Do wind bands have enough bass and *contrabass trombones*? Possible niche!

If you're willing to travel, you could own and play a *cimbasso*. Demanded by Rossini and Verdi, hence needed a few times per year, where orchestras lend one IF it is available and let a tubist play it. If you have the instrument and can jump in, you may be more useful.


----------



## Enthalpy

I wonder if wind bands could welcome a *cimbasso*? It's a decent contrabass to the trumpets and trombones, while a tuba sounds completely different. The cimbasso competes with the contrabass trombone, which isn't frequent neither.

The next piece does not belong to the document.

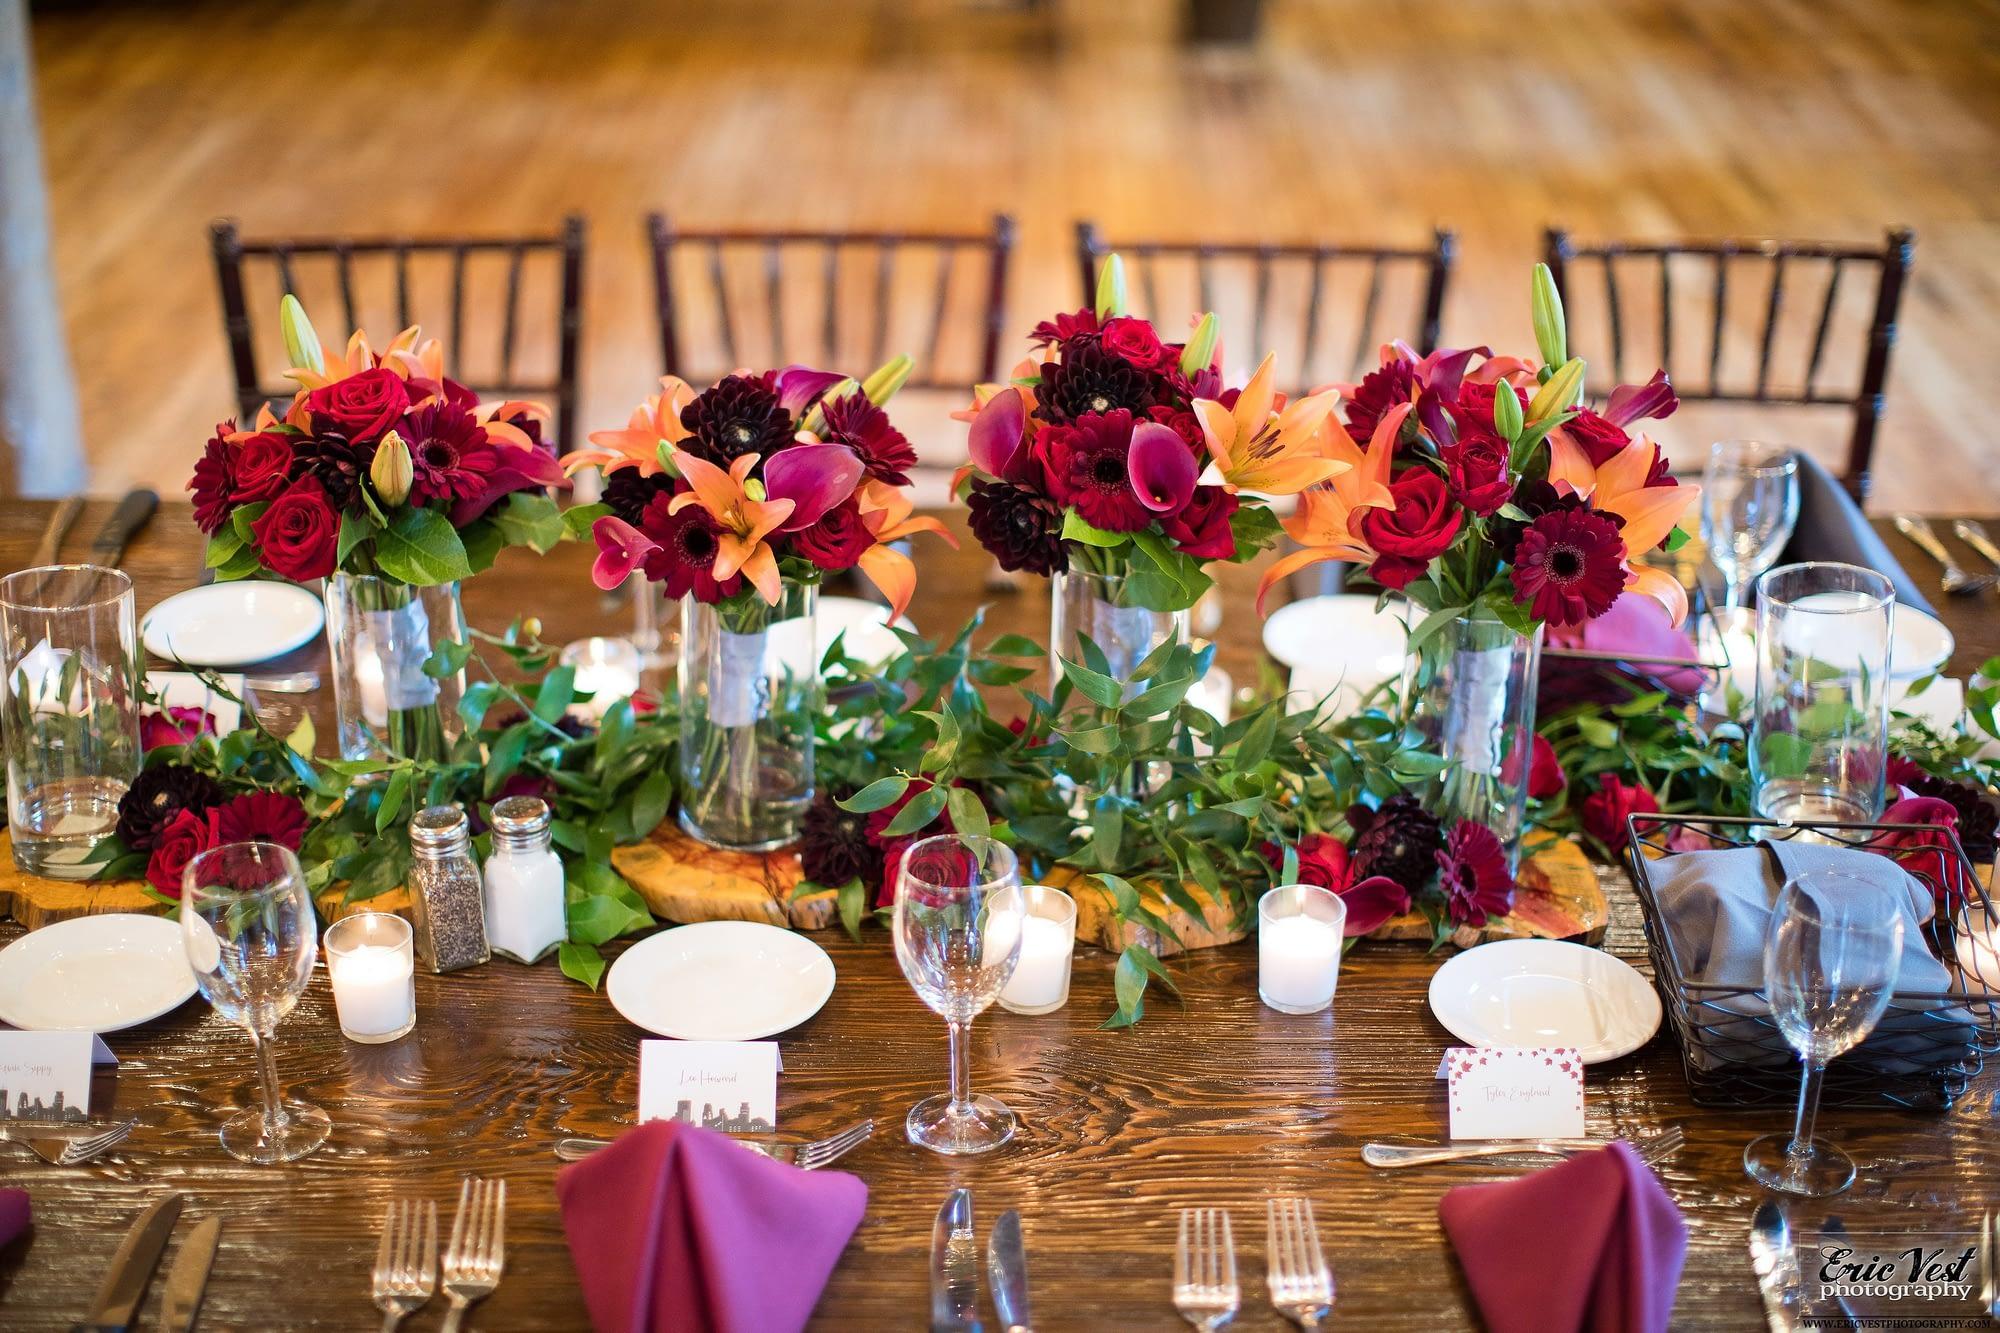 minneapolis event center autumn wedding table decor inspiration

Or maybe just a *baritone saxophone* could be wanted in wind bands? To my knowledge, many wind bands possess a baritone saxophone and let an alto or tenor saxophonist play it. Possibly a baritone saxophonist would be enrolled for being a specialist, or to replace a missing saxophonist, or to have a second baritone.


----------



## Enthalpy

Maybe a *contraforte* would make sense. It's a louder replacement for the contrabassoon, with similar sound and different fingerings.
voices.washingtonpost.com
In a wind band, it could be considered while the contrabassoon is inaudible. Maybe symphonic orchestras would hire a musician occasionally when the contrabassoon is too weak.

Or the two *tubax*. They are contrabass saxophones build narrower and better folded, hence reasonably transported. Standard saxophone fingerings but baritone or bass (I've forgotten) mouthpiece and reeds, hence easily played. I could imagine wind bands adding them to their sax or even clarinet section.

The best path is to ask conductors what instrument they covet.


----------